Saturday, January 19, 2013

The Black Cat (1934) and other tales The New York Jewish Film Festival 2013


Thursday night I joined Mr C and Chocko for the New York Jewish Film Festival screening of The Black Cat with Boris Karloff and Bela Lugosi. The evening was supposed to include a talk by legendary critic and writer J Hoberman about Jewish horror films, however Hoberman was ill so Ms Avia Weintraub from the Jewish Museum read Hoberman’s notes and gave the talk in his absence

The talk, which began with the Golem and Nosferatu, and continued on with clips from Son of Dracula (the Lon Chaney version), Cobra Woman, The Spiral Staircase, an Edgar Ulmer Yiddish film and Fearless Vampire Killers was too brief to amount to much. Much of time was given over to random clips which kind of illustrated the points which were kind of made. The problem was that the 40 minute talk really required more explanation and a longer running time than we were treated to. It wasn’t bad but in all honesty connections were not really made and other than the filmmakers being Jewish you can’t say they were Jewish horror films. It was a disappointment.

I do have to say that Ms Weintraub was a trooper and handled the presentation duties extremely well.


Seeing the Black Cat larger than life was a trip. The film tells the story of a newlywed couple who meet Bela Lugosi on a train. He’s traveling to the home of an old “friend” Satanist Boris Karloff. When the couple is in a bus accident they end up at Karloff’s home. They also end up in the middle of a battle between the two horror superstars.

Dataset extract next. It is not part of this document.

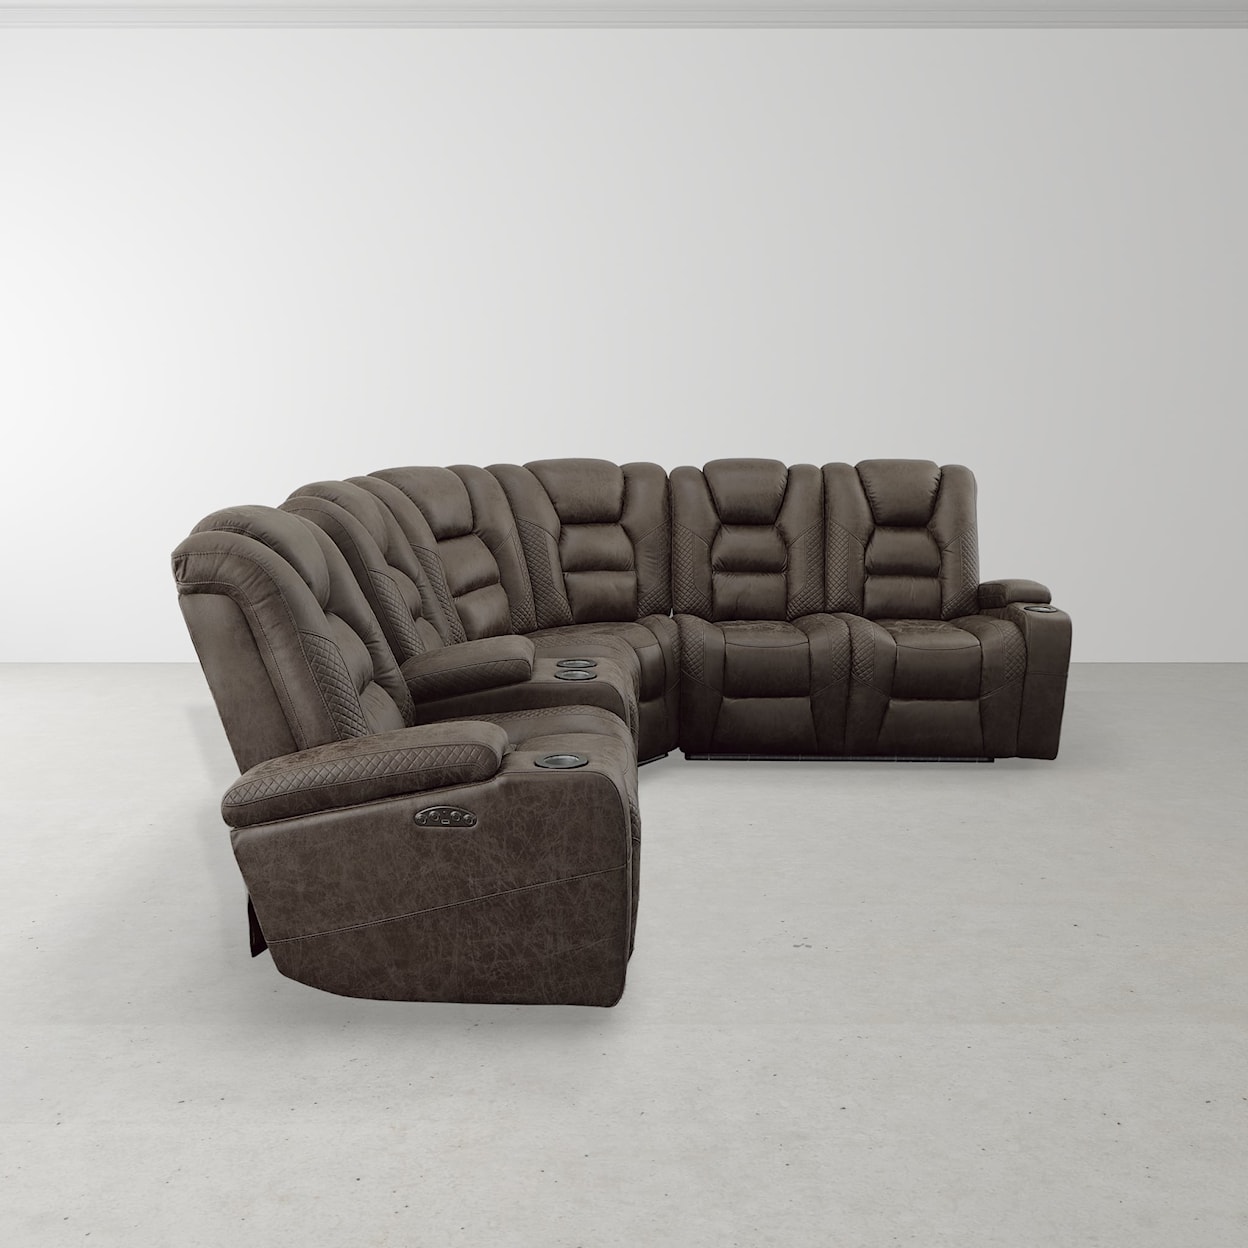 Sarah Randolph Designs 549 Three Piece Reclining Sectional Sofa

This film is a one of my favorite horror films simply because it creates such wicked tension in the final half. However seeing it larger than life and twice as ugly I realize that a good chunk of the film is very silly. Karloff and Lugosi make lots of declarative statements that imply a back story we don’t know. We don’t know why things happen, like why the couple is traveling beyond Lugosi’s stop they get off the train and get on to a bus with Lugosi. There are these odd moments and pregnant pauses that play differently on the big screen than they do on TV. There is one point where Karloff and Lugosi talk and Karloff speaks but his lips don’t move. It’s very surreal.

Seeing the film this way I was very aware for the first time that if you look at the film in pieces the film is not very good. On the other hand how the film comes together in a dream like fashion, especially in the final third, is deeply disturbing. There is something about how we fill in the gaps between the declarative statements and the plot points that is deeply troubling, certainly more troubling than most modern horror films.

New found silliness aside the film really is one of the best of the classic Universal horror films of the period and if you’ve never seen it you should make the effort to do so.